EXCERPTED DATA below:

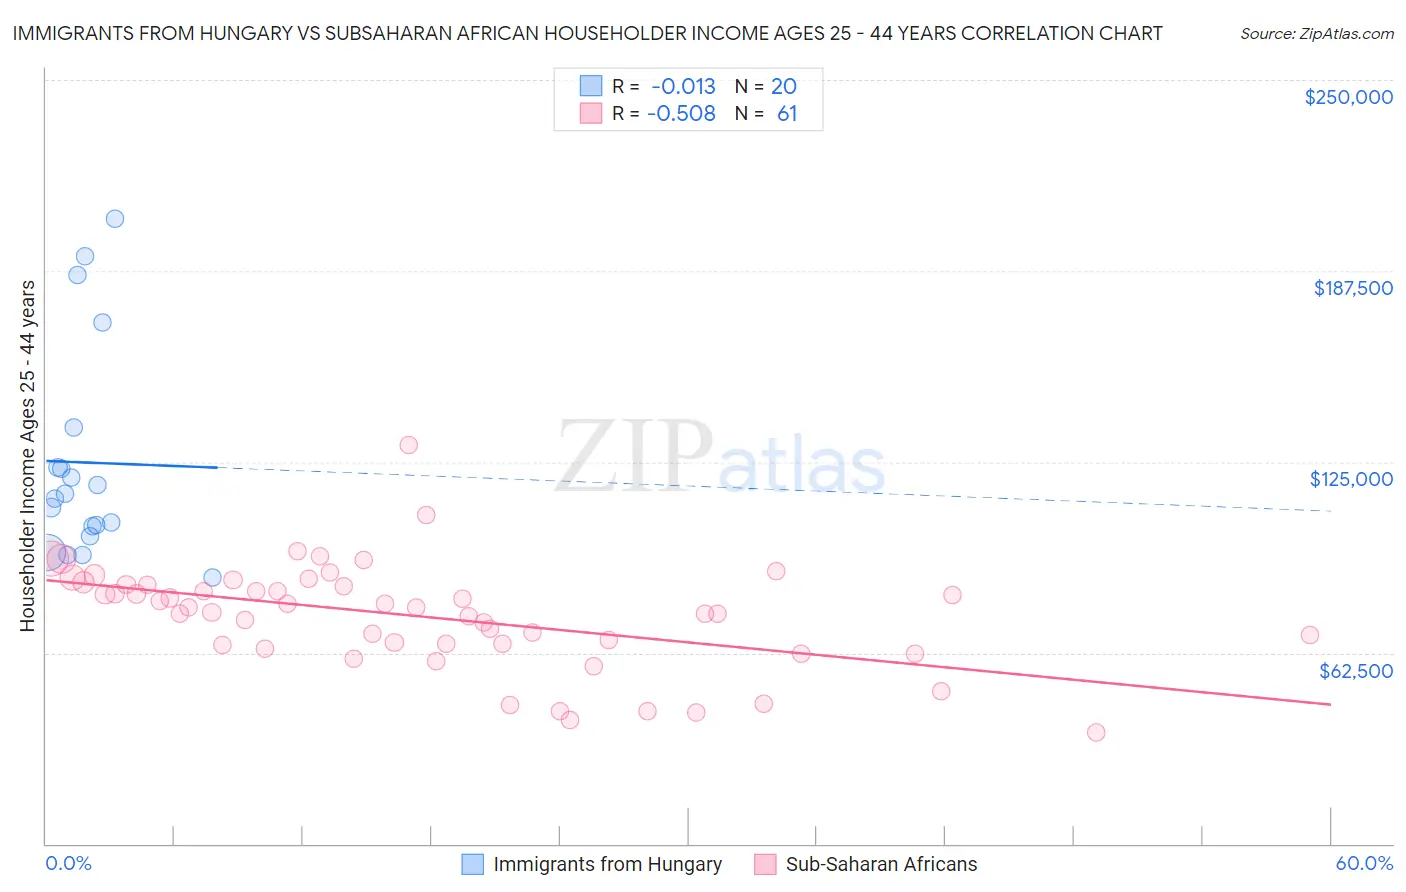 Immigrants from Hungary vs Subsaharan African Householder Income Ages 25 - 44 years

End of EXCERPTED DATA.
EXCERPTED DATA below:

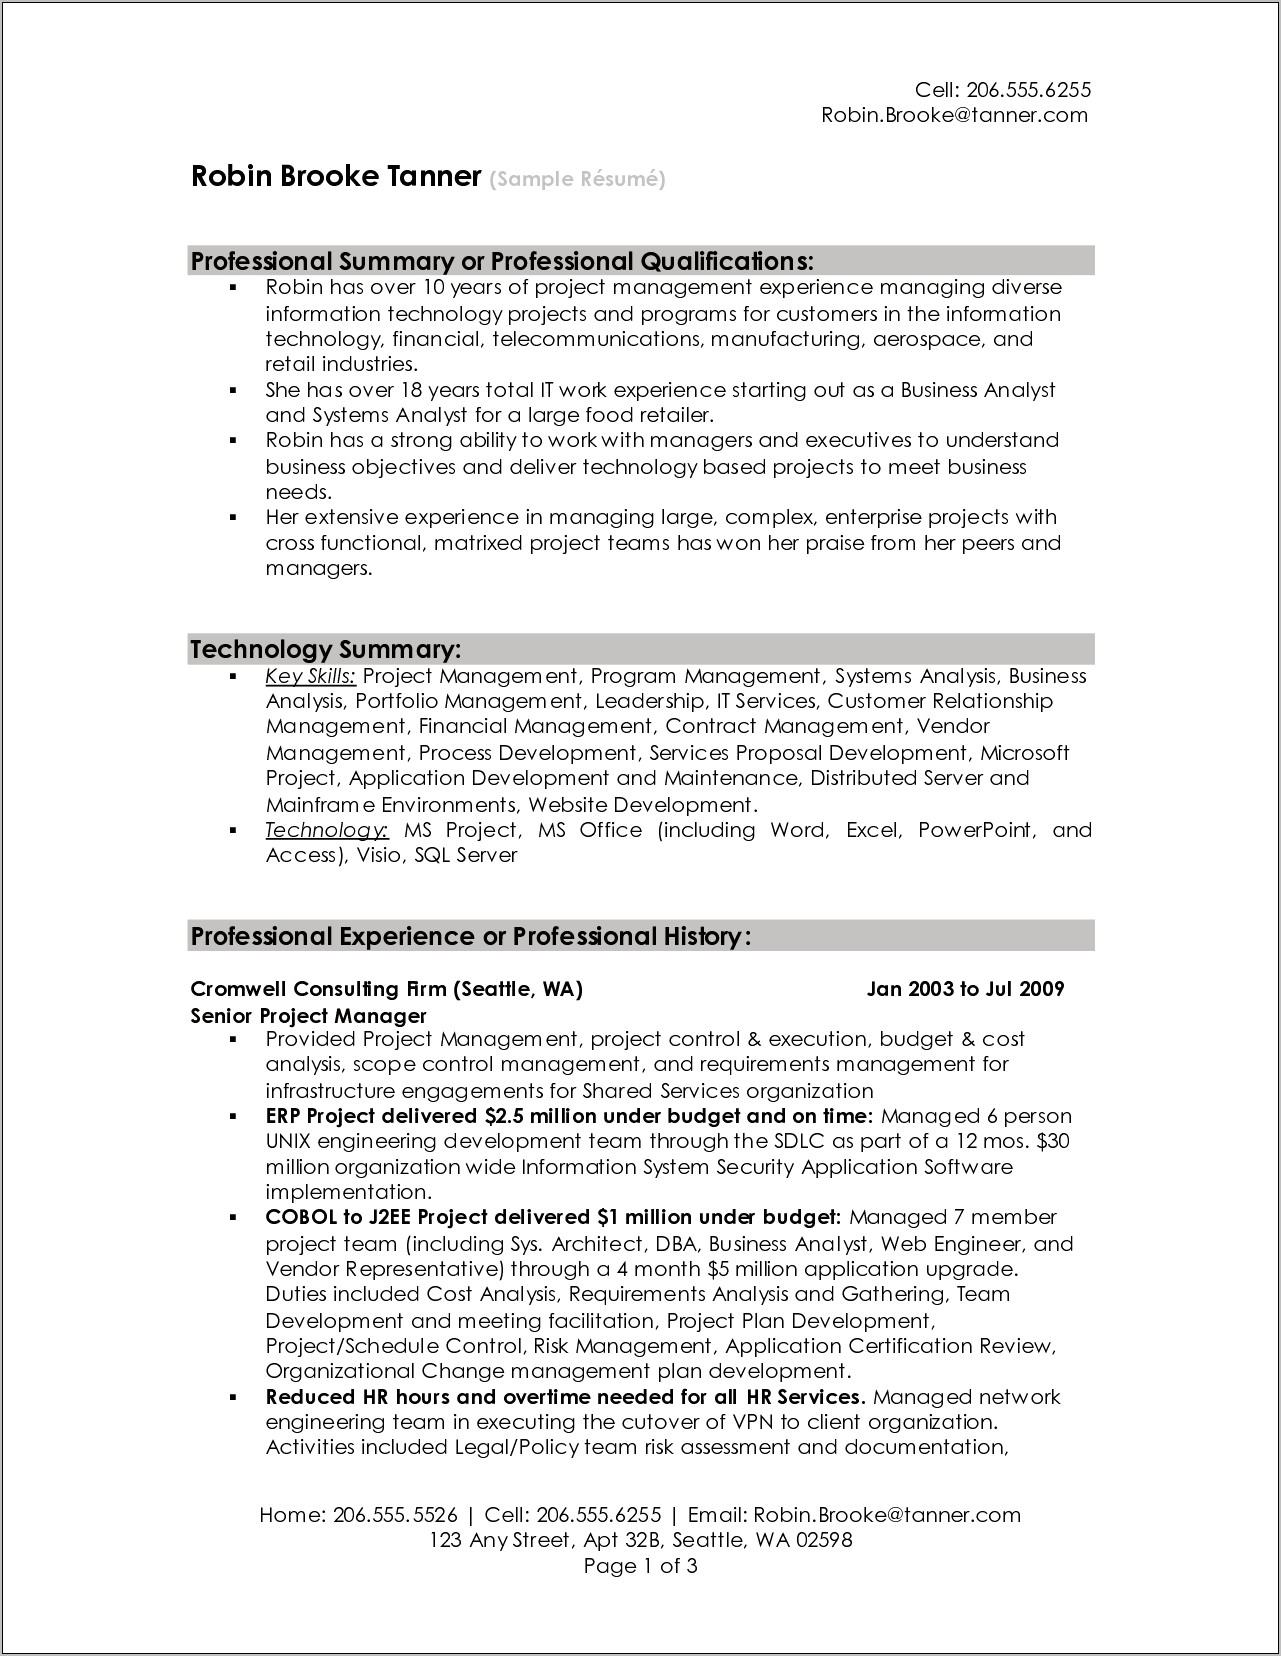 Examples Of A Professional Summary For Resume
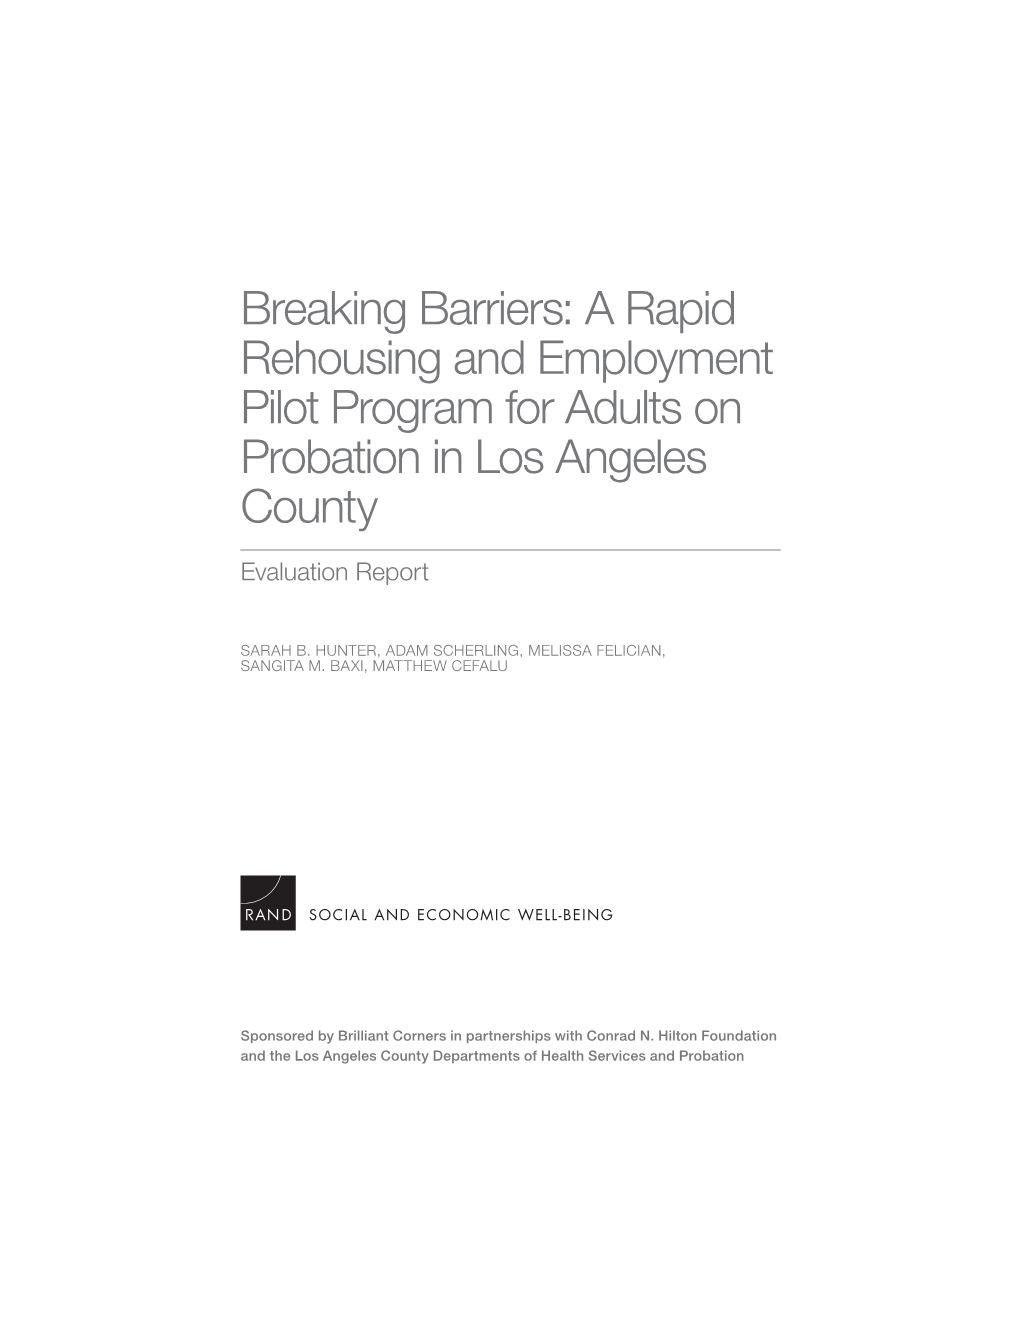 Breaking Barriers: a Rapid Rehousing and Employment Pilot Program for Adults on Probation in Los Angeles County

End of EXCERPTED DATA.
EXCERPTED DATA below:

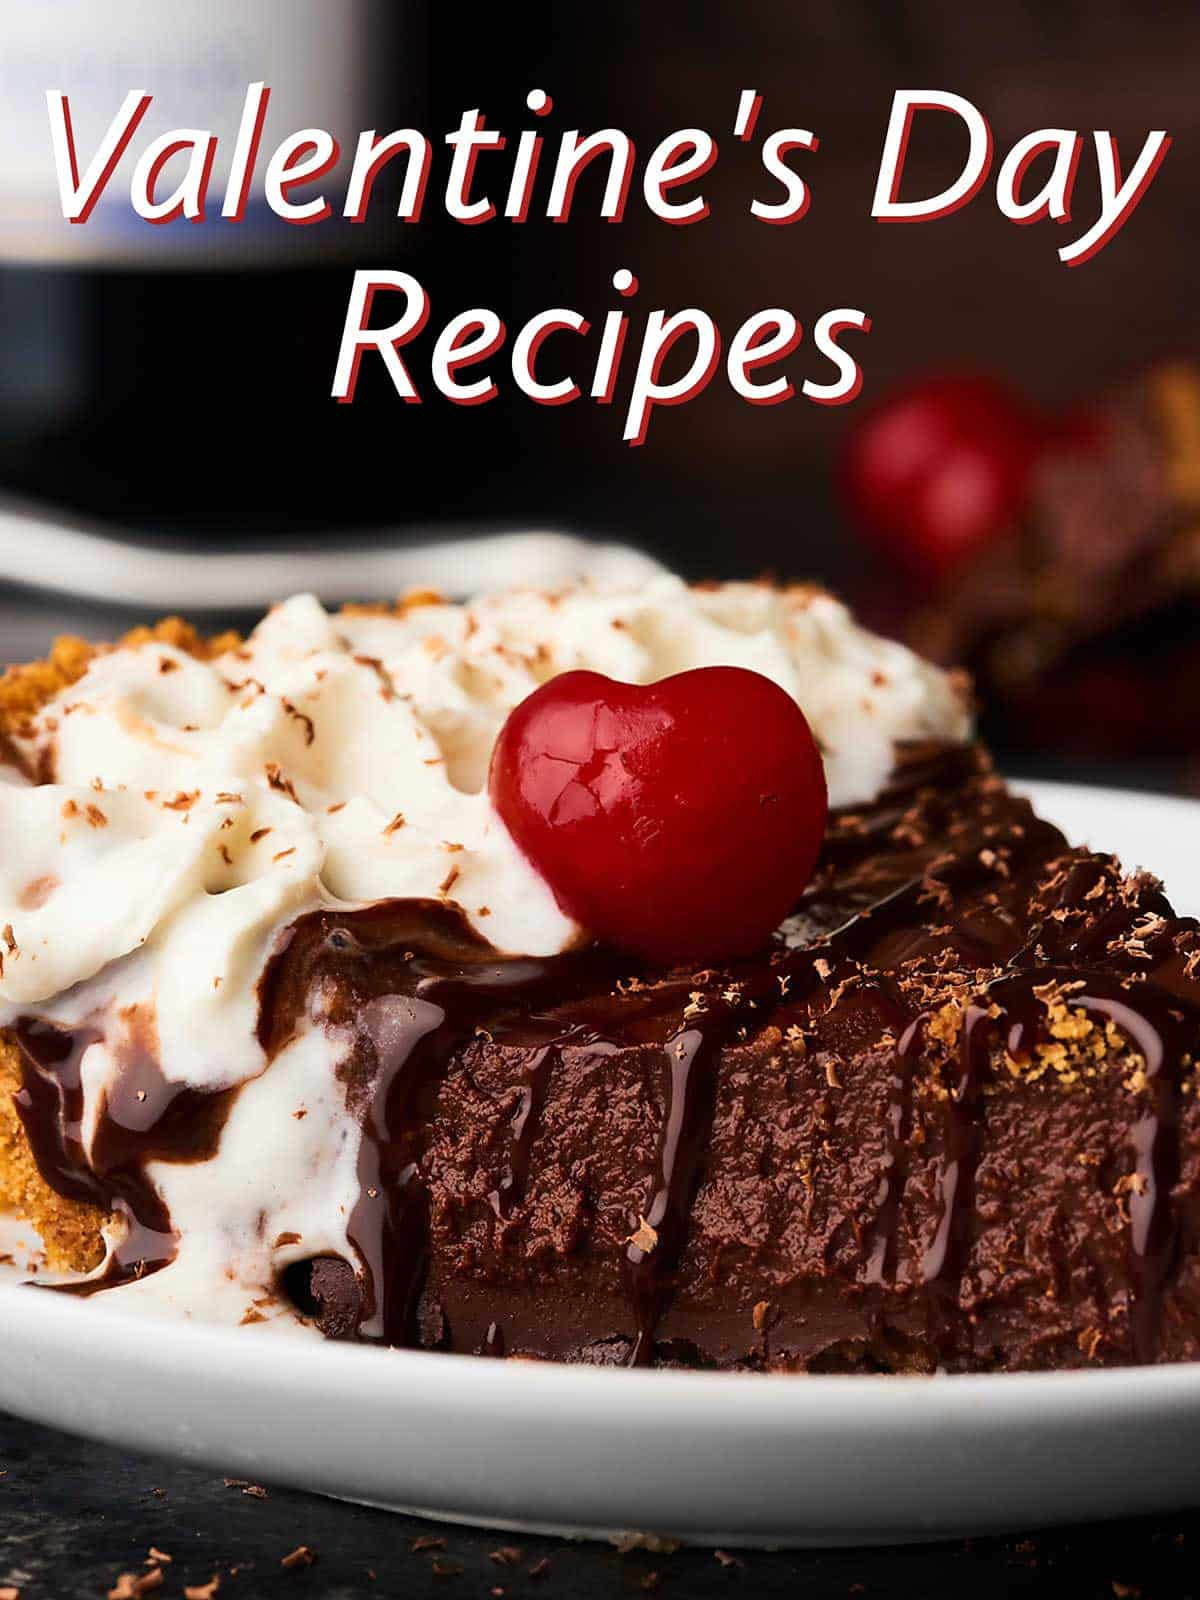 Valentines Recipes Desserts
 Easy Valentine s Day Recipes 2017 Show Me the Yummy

End of EXCERPTED DATA.

**WHAT YOU ARE ASKED TO DO**
Copy only this from above: the line containing "Valentines Recipes Desserts", the line containing "Easy Valentine s", and all lines between, printed exactly. Leave out the pictures.

**EXERCISE ANSWER**
 Valentines Recipes Desserts
 Easy Valentine s Day Recipes 2017 Show Me the Yummy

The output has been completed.